Rich Mullins Died On This Day in 1997: Remembering His Thoughts About the World

Rich Mullins Died On This Day in 1997: Remembering His Thoughts About the World September 19, 2015

RMWhen I listen to Rich Mullins’ music (and I still listen), he makes me want to go camping. It’s weird, I know, but it always seems like I could more easily imagine the world he imagined if I could just get off the grid for awhile. And I want to imagine the world that he imagined.

Rich used to joke during concerts that in the imagination of his fans he lived on the edge of rivers lighting campfires (the cover of one of Rich’s popular records showed him doing just this). It was an illusion, and Rich loved nothing more than dissing our illusions for us.

I don’t think I feel this way about Rich, even after all these years, because I’m hooked on an illusion.
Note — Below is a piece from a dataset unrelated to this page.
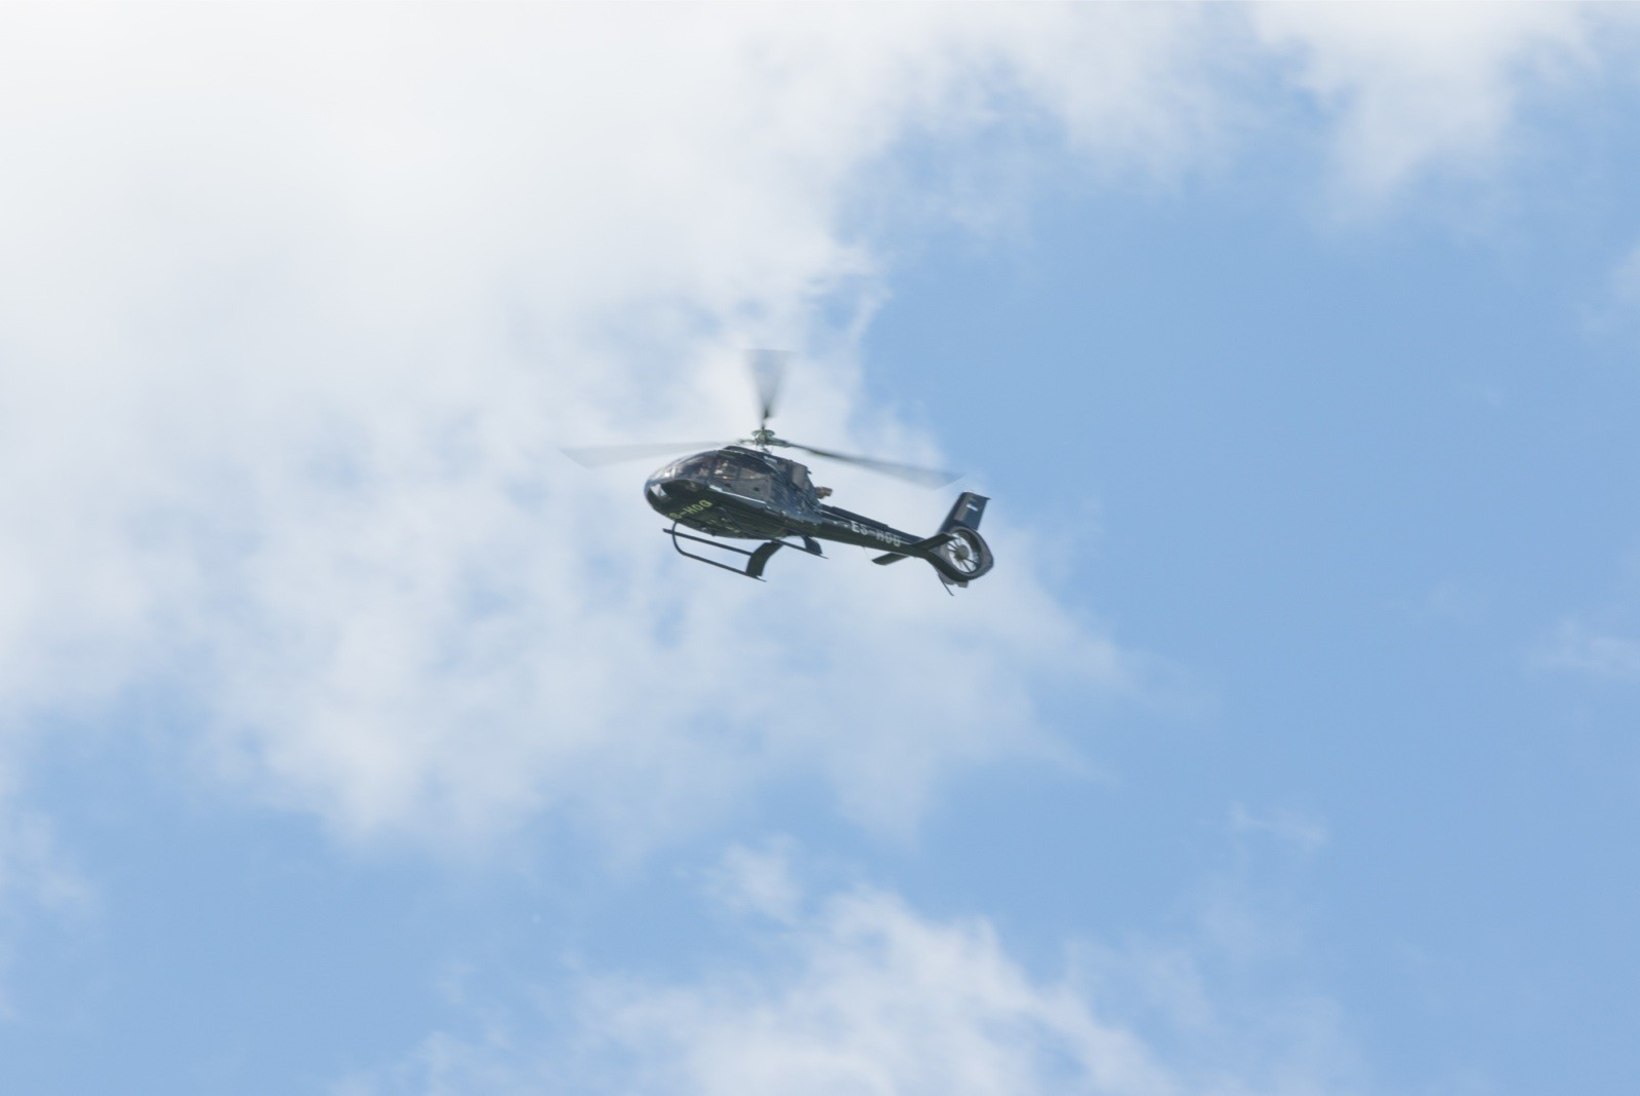 FOTOD | Oleg Grossi helikopteriga lennanud inimesed rikkusid 2 + 2 reeglit

Back when I was touring with Satellite Soul, we toured with Mitch McVicker (and Cobra Joe, and Brad Lahyer) often for several years. I spent many nights smoking cigarettes under the stars, buying them beers to try to get them to tell me one more story about Rich. I think I have a pretty decent picture of the man. I feel this way about Rich because he had his eyes wide open about the world in which we lived. He embraced the darkness as well as any poet. He knew pain. He knew struggle. Rich did not see the world in black and white. He saw the world in deep, rich, velvety colors and textures–the very colors and textures he wrote into his songs. That’s the world I want to live in. That’s the world I want to imagine.

As a rail-thin pimple-faced high school kid prone to spending long lonely hours in my room playing piano and guitar I lived with an intense longing for I didn’t know what. Rich helped me interpret the longing, and my experience of the world. He helped me to root the longing in an ancient story. He insisted, he argued, he wrote amazing songs to illustrate that the world is enchanted. “I do not meet God in a vacuum,” Rich wrote. “I meet Him in the world He has provided for me to meet Him in – in a world of events and of places, of history (time and space), in a world of lives of people and their records of their encounters. I meet God in this world – in the world of these things…”

Rich lived at the intersection of his own inescapable brokenness, and the brokenness of the world, and the hope that we were not left here alone to struggle in the darkness without any help. Night after night Rich would play his songs for an audience for which he felt equal parts compassion, love, and disgust. I sometimes think it was Rich’s deep love of the physical world, the planet, the wonder of this place that we live that kept him from being terminally cynical.

Rich had an uncanny ability to describe the world as an enchanted place of wonder and awe and mystery. “I do not work myself into some ecstatic frenzy to meet God.” he said. “God does not speak to me through opium dreams or out of hypnotic trances. He meets me in history and takes me beyond it to Himself. Any “mysticism” that is authentic does not abregate time and space – it infuses those elements with meaning. Time and space – that is the world.”

Rich was disgusted by people who lived without compassion. He railed against the politics of greed and the Christian right. He did this not to be like James Dean. He did this because Rich could see what we couldn’t see. “Look at us all – we are all of us lost and in all of our different ways of pretending, we all fool ourselves into the very same hell. Look at the cross – we are all of us loved and one God meets us all at the point of our common need and brings to all of us – all who will let Him – salvation.”

I’m almost forty-six years old now, five years older than Rich was when he died, and if I live to be eighty-six I’ll never be as wise as he. And if I live to be eighty-six I will never stop missing him. I will never stop repeating the final line from A Prayer For Owen Meany, that Rich once told me I should read: “O God—please give him back! I shall keep asking you.”